Lots of Sweet Potatoes

potatoes_lThe Second Harvest Food Bank truck lumbered up the drive and came to a halt. Out popped the driver who disappeared into the trailer and emerged with a box on a forklift that was over five feet hight and a good four – five feet wide.

Sweet Potatoes.

Lots of Sweet Potatoes.

Thankfully, we had a sizable number of volunteers and like bees we began buzzing around the box and bagging those potatoes in groups of ten in plastic grocery bags.

A makeshift assembly line evolved and, though it took a while, a pile of hundreds of plastic grocery bags, each containing ten sweet potatoes grew from something that looked incremental to a rather imposing mound of spuds.

As I looked over landscape, I couldn’t help but wonder how in the world we were going to be able to distribute every one of those bags in the allotted time. I began envisioning the conversation that I would be compelled to have with my bride: “Well, babe, I know it looks like a lot, but I figured we could keep them in our garage for a while. After all, they’ll keep and it wouldn’t make sense to throw them away…”
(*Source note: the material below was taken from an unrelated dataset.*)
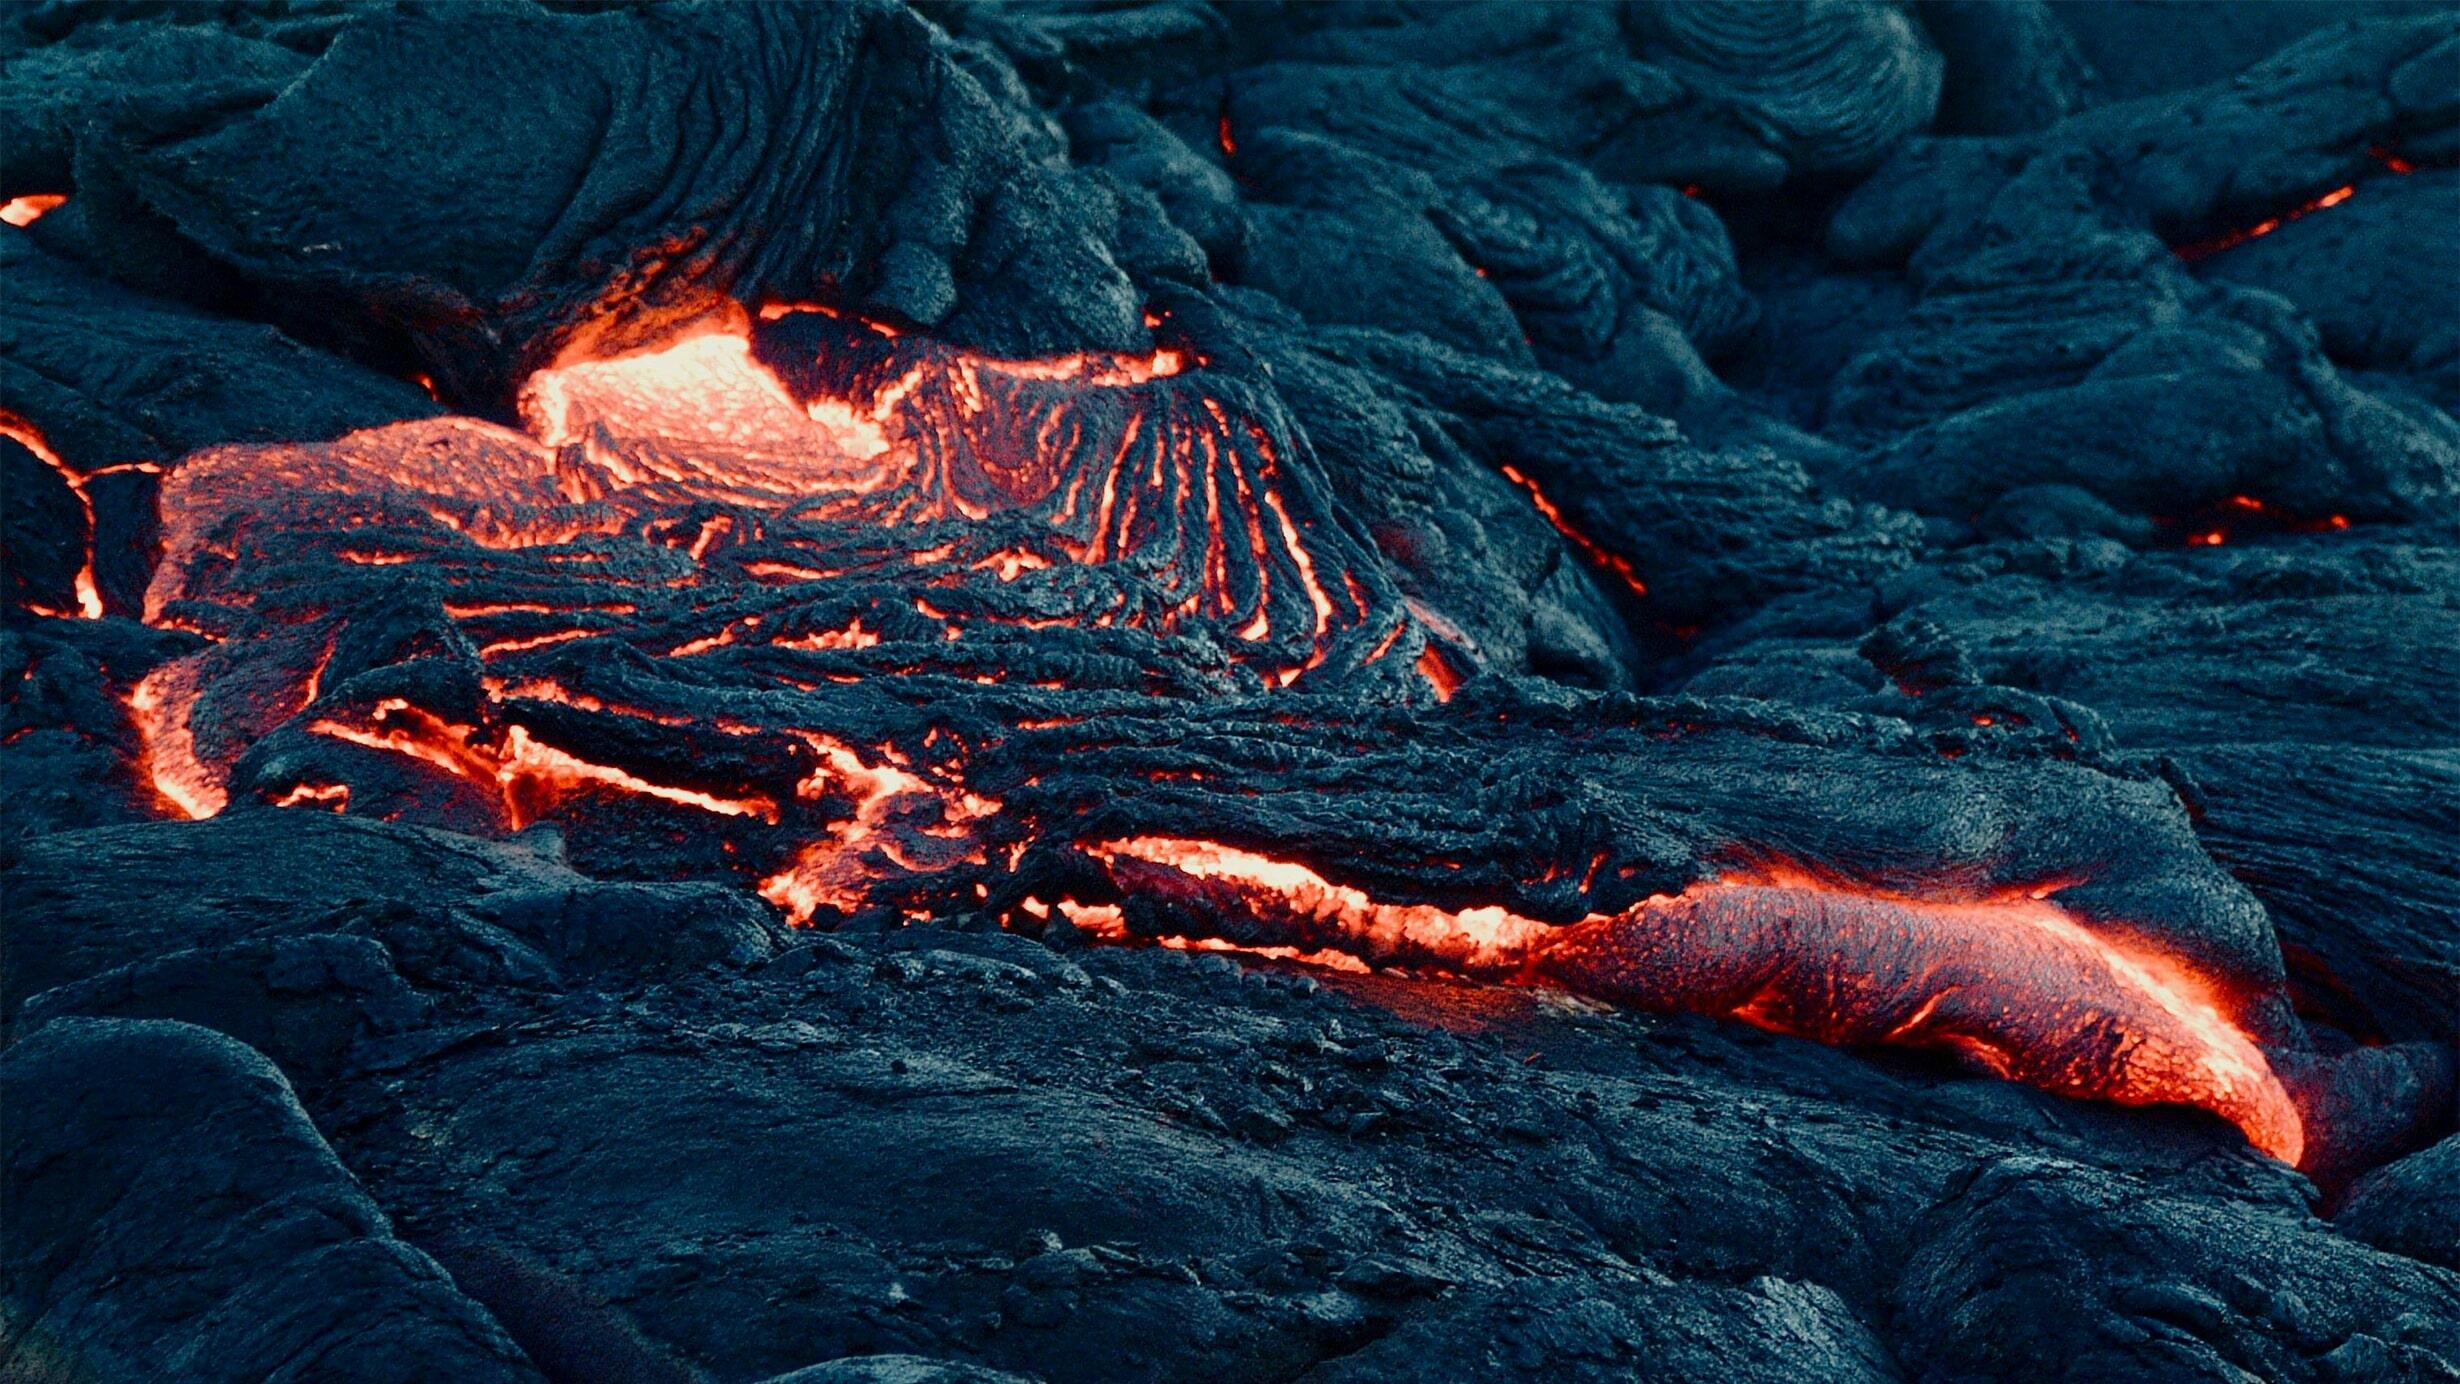 An up-close photo of flowing lava: magma appears as a bright orange, flowing river through cooled black rock.

I was rehearsing my spiel right about the time my daughter looked up from her bagging efforts and said something to the effect of how she never wanted to see another sweet potato in her life.

Thing was, while it wasn’t immediately perceivable, that five foot high box of potatoes began to decrease in volume. It took some time, but after a while, we had every last sweet potato bagged and ready to hand out. As people came through the line to receive the foodstuffs that were being given away, we loaded them up with as many sweet potatoes that they would accept. Half the line was finished and we were still up to our ears in sweet potatoes. We started handing out as many as fifty potatoes per customer – we were the “Crazy Carl Used Car Giveaway Event!” Every potato must go!

Two and half hours later, the dust has settled. Boxes are being broken down, cars are leaving the parking lot and not one sweet potato remains. They’ve all found a home in a needy household and I don’t have to worry about “selling” the presence of a thousand sweet potatoes in my garage to my lovely bride.

Life is good.

It dawned on me as I was heading home that the distribution of those sweet potatoes mirrored how some goals can have an imposing look about them.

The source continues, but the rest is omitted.